Section 1 Slides [pdf]

Section 2 Slides [pdf]

Part 1. Attacks

The fictional "Zoobar Foundation" is has set up a simple web application at zoobar.org, allowing registered users to post profiles and transfer "zoobar" credits between each other. Each registered user starts with 10 zoobars.

You will craft a series of attacks on zoobar.org that exploit vulnerabilities in the website's design. Each attack presents a distinct scenario with unique goals and constraints, although in some cases you may be able to re-use parts of your code.

Although many real-world attackers do not have the source code for the web sites they are attacking, you are one of the lucky ones: source code is available. You won't actually need to look at the site's source code until Part 2, but it's there if you get stuck.

Your attacks will run in a restricted network environment that can only connect to zoobar.org and crypto.stanford.edu. We will run your attacks after wiping clean the database of registered users (except the user named "attacker"), so any data you submitted to zoobar.org while working on the assignment will not be present during grading. We reserve the right to delete users from the zoobar.org database at any time if it gets too large, so please keep local copies of any important data you submit there.

Setup

Mozilla Firefox. We will grade your project with default settings using the latest official release of the Mozilla Firefox browser at the time the project is due. We chose this browser for grading because it is widely available and can run on a variety of operating systems. There are subtle quirks in the way HTML and JavaScript are handled by different browsers, and some attacks that work in Internet Explorer (for example) may not work in Firefox. In particular, you should use the Mozilla way of adding listeners to events. We recommend that you test your code on Firefox before you submit, to ensure that you will receive credit for your work.

Email script. For Attacks A and C, you will need a server-side script to automatically email information captured by your client-side JavaScript code to the TAs for grading. We have provided this script for you. Please review the instructions at http://crypto.stanford.edu/cs155/hw_and_proj/proj2/sendmail.php and use that URL in your attack scripts to send emails. You may send as many emails as you like while working on the project, but please do not attack or abuse the email script.

Attack A. Cookie Theft

• Your solution is a URL starting with http://zoobar.org/users.php?
• The grader will already be logged in to zoobar.org before loading your URL.
• Your goal is to steal the document cookie and email it to yourself using the email script.
• Except for the browser address bar (which can be different), the grader should see a page that looks exactly as it normally does when the grader visits users.php. No changes to the site appearance or extraneous text should be visible. Avoiding the red warning text is an important part of this attack. (It's ok if the page looks weird briefly before correcting itself.)
• Hint: Here is an example attack to use as a starting point.

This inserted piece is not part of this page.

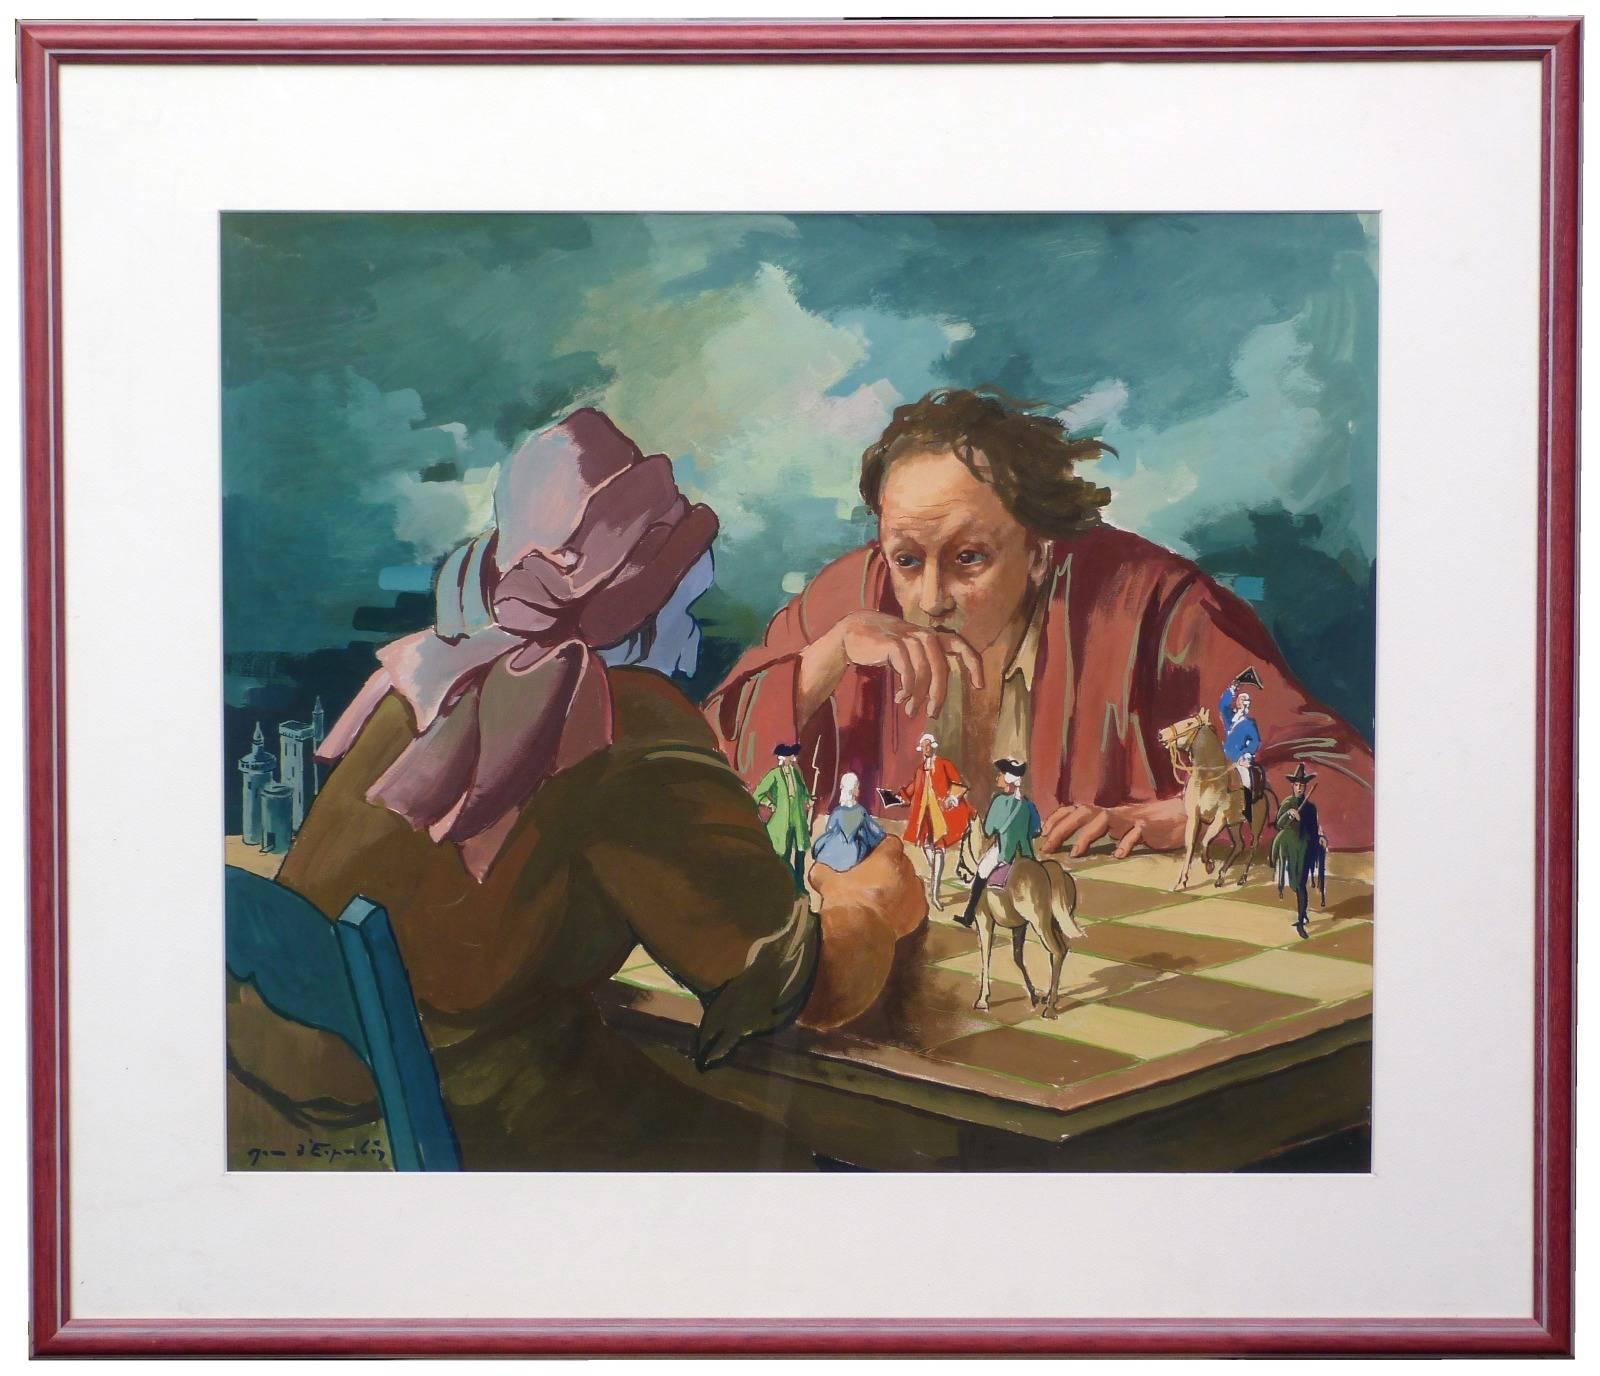 Surrealist chess players playing with lives - Painting by Jean d'ESPARBÈS

Attack B. Cross-Site Request Forgery

• Your solution is a short HTML document that the grader will open using the web browser.
• The grader will already be logged in to zoobar.org before loading your page.
• Transfer 10 zoobars from the grader's account to the "attacker" account. The browser should be redirected to http://crypto.stanford.edu/cs155/ as soon as the transfer is complete (so fast the user might not notice).
• The location bar of the browser should not contain zoobar.org at any point.

Attack C. Side Channels and Phishing

• Your solution is an HTML document that the grader will open using the web browser.
• The grader will run the code once while logged in to zoobar.org before loading your page.
• The grader will run the code a second time while not logged in to zoobar.org before loading your page.
• When the browser loads your document, the document should sniff out whether the user is logged into zoobar.org
• If the user is not logged in, present a html document visibly identical to the zoobar login page (this should be self contained in the html file you turn in)
  • When the "Log in" button is pressed, send the username and password (separated by a comma) using the email script.
  • Once the email is sent, log the user into the real zoobar.org website (the URL should change to something at zoobar.org).
  • The behavior for the Register button is left unspecified
• If the user is logged in then forward to Attack B described above.
• Hint: The same origin policy does not allow you to access the documents of another domain loaded into an iframe. What types of files can be directly accessed by another domain?

Attack D. Profile Worm

• Your solution is a profile that, when viewed, transfers 1 zoobar from the current user to a user called "attacker" (that's an actual username) and replaces the profile of the current user with itself.
• Your malicious profile may include a witty message to the grader (optional, but it helps us see that it replicated).
• To grade your attack, we will cut and paste the submitted profile file into the profile of the "attacker" user and view that profile using the grader's account. We will then view the copied profile with more accounts, checking for the transfer and replication.
• The transfer and replication should be reasonably fast (under 15 seconds). During that time, the grader will not click anywhere.
• During the transfer and replication process, the browser's location bar should remain at http://zoobar.org/users.php?user=username, where username is the user whose profile is being viewed. The visitor should not see any extra graphical user interface elements (e.g. frames), and the user whose profile is being viewed should appear to have 10 zoobars.
• You will not be graded on the corner case where the user viewing the profile has no zoobars to send.
• Hint: The site allows a sanitized subset of HTML in profiles, but you can get around it. This MySpace vulnerability may provide some inspiration.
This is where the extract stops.